Record excerpts Start Marker

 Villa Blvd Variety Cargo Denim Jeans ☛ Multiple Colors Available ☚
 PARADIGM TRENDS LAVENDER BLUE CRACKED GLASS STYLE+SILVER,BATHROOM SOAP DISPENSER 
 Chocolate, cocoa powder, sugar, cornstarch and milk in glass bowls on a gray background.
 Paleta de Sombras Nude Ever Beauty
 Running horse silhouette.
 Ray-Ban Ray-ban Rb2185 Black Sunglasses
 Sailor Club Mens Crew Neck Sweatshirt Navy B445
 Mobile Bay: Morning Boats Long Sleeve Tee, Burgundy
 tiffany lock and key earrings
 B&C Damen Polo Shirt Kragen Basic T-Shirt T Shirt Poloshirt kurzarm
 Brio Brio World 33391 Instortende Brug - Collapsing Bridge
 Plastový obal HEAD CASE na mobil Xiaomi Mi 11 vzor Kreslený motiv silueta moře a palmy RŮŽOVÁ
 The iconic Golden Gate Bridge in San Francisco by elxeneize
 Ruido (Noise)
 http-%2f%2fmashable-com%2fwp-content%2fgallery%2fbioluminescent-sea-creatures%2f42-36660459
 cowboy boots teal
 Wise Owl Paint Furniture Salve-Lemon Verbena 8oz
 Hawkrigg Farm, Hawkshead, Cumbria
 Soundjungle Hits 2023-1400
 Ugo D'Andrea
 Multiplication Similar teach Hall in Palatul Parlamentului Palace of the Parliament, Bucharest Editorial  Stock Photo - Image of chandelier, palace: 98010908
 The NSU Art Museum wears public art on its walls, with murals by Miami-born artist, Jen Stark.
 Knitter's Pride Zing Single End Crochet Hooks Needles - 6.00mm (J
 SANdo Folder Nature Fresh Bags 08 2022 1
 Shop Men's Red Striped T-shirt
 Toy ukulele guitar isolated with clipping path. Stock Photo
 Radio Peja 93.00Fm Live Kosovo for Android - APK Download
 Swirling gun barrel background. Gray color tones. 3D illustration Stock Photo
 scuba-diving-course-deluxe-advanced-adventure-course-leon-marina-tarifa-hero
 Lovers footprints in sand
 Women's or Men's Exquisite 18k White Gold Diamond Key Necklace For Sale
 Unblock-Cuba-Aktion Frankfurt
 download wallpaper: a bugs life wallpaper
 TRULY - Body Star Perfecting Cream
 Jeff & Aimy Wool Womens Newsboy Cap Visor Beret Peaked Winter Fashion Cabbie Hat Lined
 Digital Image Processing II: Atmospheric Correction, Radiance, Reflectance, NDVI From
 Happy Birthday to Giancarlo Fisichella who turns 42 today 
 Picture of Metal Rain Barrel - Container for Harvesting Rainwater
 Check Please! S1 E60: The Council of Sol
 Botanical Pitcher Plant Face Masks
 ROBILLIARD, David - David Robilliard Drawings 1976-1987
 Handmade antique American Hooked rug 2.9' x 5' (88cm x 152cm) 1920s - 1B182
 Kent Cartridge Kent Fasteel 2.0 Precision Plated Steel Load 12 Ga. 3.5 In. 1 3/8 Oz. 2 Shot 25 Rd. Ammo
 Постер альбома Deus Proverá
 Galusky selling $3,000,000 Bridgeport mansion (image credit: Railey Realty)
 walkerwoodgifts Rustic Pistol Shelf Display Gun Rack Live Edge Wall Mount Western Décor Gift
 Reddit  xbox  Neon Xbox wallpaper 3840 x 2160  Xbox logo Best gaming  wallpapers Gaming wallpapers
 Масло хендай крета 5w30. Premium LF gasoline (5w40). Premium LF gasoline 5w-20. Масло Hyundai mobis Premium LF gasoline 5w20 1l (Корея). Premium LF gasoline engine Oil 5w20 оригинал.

Record excerpts End Marker

* _Description of the task_: Transcribe, exactly and without additions, the lines of the records above, beginning with the line that contains "ROBILLIARD, David - David" and ending with the line that contains "Galusky selling $3,000,000", both included.

* _Problem solution_:
 ROBILLIARD, David - David Robilliard Drawings 1976-1987
 Handmade antique American Hooked rug 2.9' x 5' (88cm x 152cm) 1920s - 1B182
 Kent Cartridge Kent Fasteel 2.0 Precision Plated Steel Load 12 Ga. 3.5 In. 1 3/8 Oz. 2 Shot 25 Rd. Ammo
 Постер альбома Deus Proverá
 Galusky selling $3,000,000 Bridgeport mansion (image credit: Railey Realty)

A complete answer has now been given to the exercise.